A string or says it's a math problem
1. Violence
Ah, at first glance, we will think that if we find out the full arrangement of strings and then sort to select the smallest, but this is O(n!) Time complexity, I'm afraid this has to explode
2. Mathematical proof + sorting
First of all, both the book and the solution give a definition, that is, two integers m and N. if Mn > nm is spliced, M > N, NM > Mn is n > m, and equality is the same. Then the official website directly arranges an order. Some small partners may not understand why they are the smallest according to the nature of this size.
Here cv "sword finger offer" proves that:
With these three properties, does it feel like something in discrete mathematics or linear algebra is proving?
We can assume that our sorted string is x1x2 X... Y... Xn, if this is not the minimum, then suppose that the exchange X and y have x1x2 Y... X... Xn<X1X2...X...Y...Xn, then we just need to explain x1x2 Y... X... Xn>X1X2...X...Y...Xn can introduce contradiction.
The condition we know is x1x2 X... Y... Xn is sorted out. According to the definition, there is x < y. suppose there is an m in front of Y, then M < y is YM > My. Does this mean x1x2 X... MY... Xn<X1X2... X... YM... Xn, that is, wait until y is switched forward until it is switched near the position of X, the whole string will become larger and larger, and the same is true for the backward switching of small X, so x1x2 Y... X... Xn>X1X2...X...Y...Xn is established, and it is concluded that the minimum splicing is actually a sorting problem from small to large according to the size relationship defined above.
The official hand rolled out a quick code, which can be used for reference:
class Solution {
public:
string minNumber(vector<int>& nums) {
vector<string> strs;
for(auto i=nums.begin();i!=nums.end();++i)
{
strs.push_back(to_string(*i));
}
// for(int i = 0; i < nums.size(); i++)
// strs.push_back(to_string(nums[i]));
quickSort(strs,0,strs.size()-1);
string ans;
for(string &s:strs)
ans.append(s);
// ans.push_back(s);
return ans;
}
void quickSort(vector<string>& strs,int l,int r)
{
if(l>=r) return;
int i=l,j=r;
while(i<j)
{
while(strs[j]+strs[l]>=strs[l]+strs[j]&&i<j) j--;//Add an equal sign here and always pay attention to I < J
while(strs[i]+strs[l]<=strs[l]+strs[i]&&i<j) i++;
swap(strs[i],strs[j]);
}
swap(strs[i],strs[l]);
quickSort(strs,l,i-1);
quickSort(strs,i+1,r);
}
};Here are some details:
1.to_string(int) can convert an integer into a string and return it. Accumulate it
2. Pay attention to the writing method of fast row, take the leftmost element as the middle rotating axis, and always pay attention to the conditions of the cycle.
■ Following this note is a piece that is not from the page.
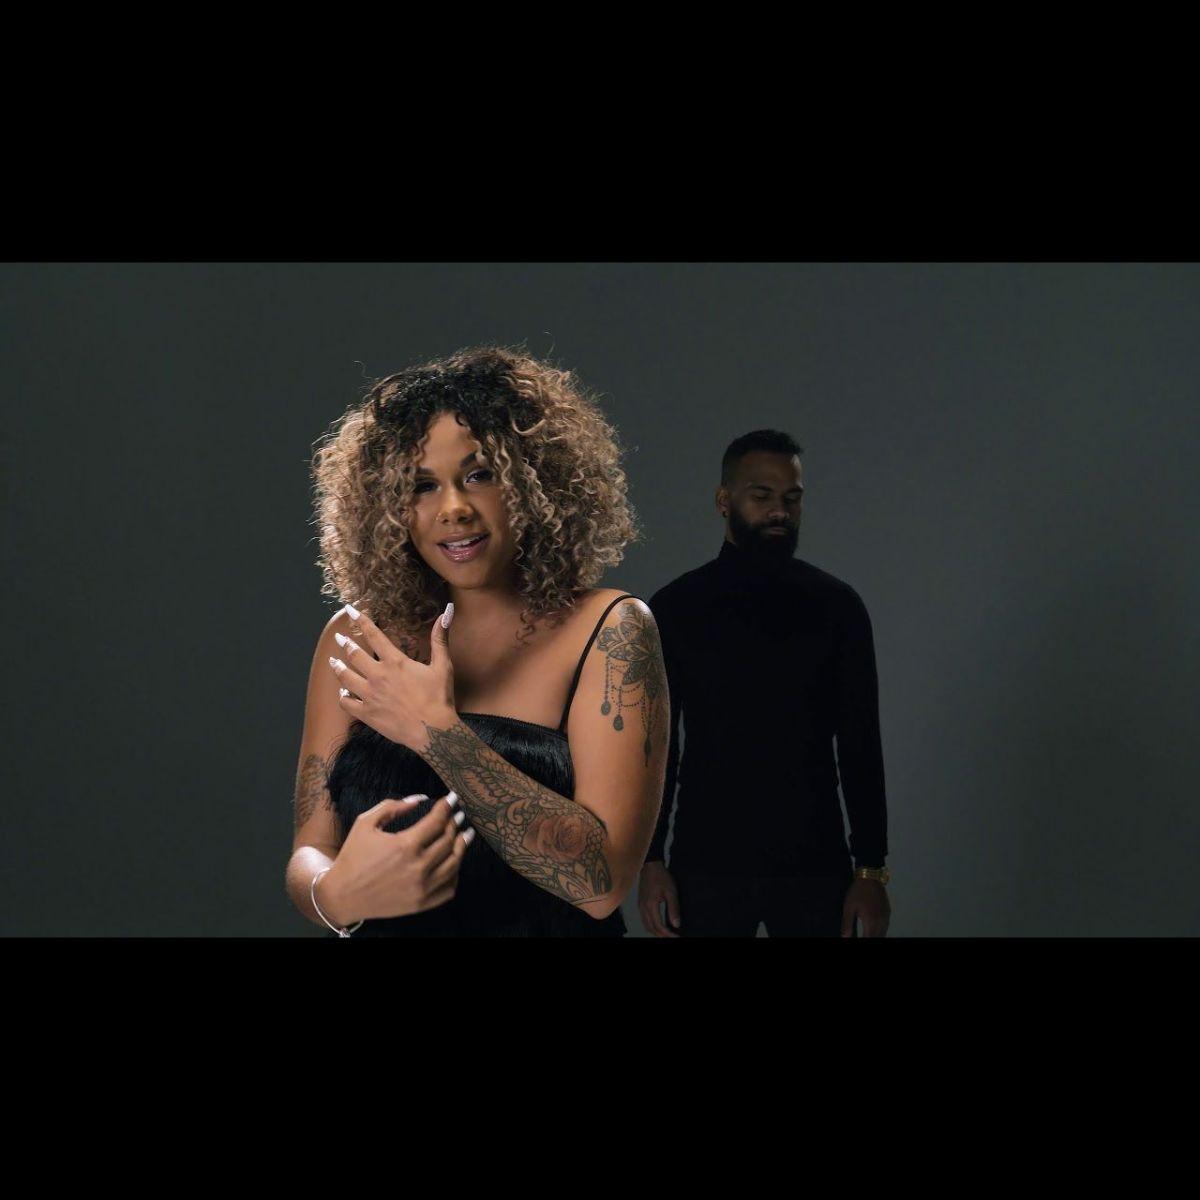 Érica Boaventura - Escolho-te a ti (ft. Yasmine) (Thumbnail)

Such a cycle ensures that I < = J when it comes out, so there must be STRs [l] > = STRs [i], so it is feasible to exchange out of the cycle
3. Don't write the recursive interval wrong
The results are as follows:
Then turn down the problem solution. Ah, there is also a library adjustment thing, of course. After all, it can improve the efficiency of our code writing. No, continue cv hey hey:
class Solution {
public:
string minNumber(vector<int>& nums) {
vector<string> strs;
string res;
for(int i = 0; i < nums.size(); i++)
strs.push_back(to_string(nums[i]));
sort(strs.begin(), strs.end(), [](string& x, string& y){ return x + y < y + x; });
for(int i = 0; i < strs.size(); i++)
res.append(strs[i]);
return res;
}
};
Author: jyd
Link: https://leetcode-cn.com/problems/ba-shu-zu-pai-cheng-zui-xiao-de-shu-lcof/solution/mian-shi-ti-45-ba-shu-zu-pai-cheng-zui-xiao-de-s-4/
Source: force buckle( LeetCode)
The copyright belongs to the author. For commercial reprint, please contact the author for authorization. For non-commercial reprint, please indicate the source.The results are as follows:
Is the C + + library too strong? Sometimes the score of this force buckle is a little confused Don't you understand?